# RECORDS PROVIDED
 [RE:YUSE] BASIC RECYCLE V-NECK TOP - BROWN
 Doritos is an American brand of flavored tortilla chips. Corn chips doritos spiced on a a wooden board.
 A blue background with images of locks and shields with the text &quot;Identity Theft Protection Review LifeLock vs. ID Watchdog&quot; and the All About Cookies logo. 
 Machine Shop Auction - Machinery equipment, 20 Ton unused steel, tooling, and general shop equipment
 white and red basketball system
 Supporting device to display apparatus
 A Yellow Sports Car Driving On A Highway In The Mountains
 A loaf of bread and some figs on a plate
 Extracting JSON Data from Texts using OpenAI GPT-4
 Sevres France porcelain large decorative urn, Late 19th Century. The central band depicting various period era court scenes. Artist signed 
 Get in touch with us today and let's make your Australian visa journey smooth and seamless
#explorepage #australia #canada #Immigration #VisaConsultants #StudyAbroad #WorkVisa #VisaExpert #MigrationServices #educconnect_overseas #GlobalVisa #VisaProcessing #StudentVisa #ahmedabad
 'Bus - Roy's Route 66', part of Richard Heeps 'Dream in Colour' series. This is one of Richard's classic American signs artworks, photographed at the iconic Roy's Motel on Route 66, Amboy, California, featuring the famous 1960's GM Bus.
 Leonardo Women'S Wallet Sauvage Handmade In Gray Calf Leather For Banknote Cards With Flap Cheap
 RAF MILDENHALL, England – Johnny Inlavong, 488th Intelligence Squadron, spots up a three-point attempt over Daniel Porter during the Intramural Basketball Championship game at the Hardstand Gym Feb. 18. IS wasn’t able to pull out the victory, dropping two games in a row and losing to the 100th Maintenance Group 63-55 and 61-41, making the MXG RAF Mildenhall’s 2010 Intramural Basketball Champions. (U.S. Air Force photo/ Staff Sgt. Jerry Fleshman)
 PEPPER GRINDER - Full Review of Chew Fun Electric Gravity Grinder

# EXERCISE REQUIREMENTS
Could you count the lines in the entries that hold the word "Review"? Only the number is wanted.

# EXERCISE RESPONSE
2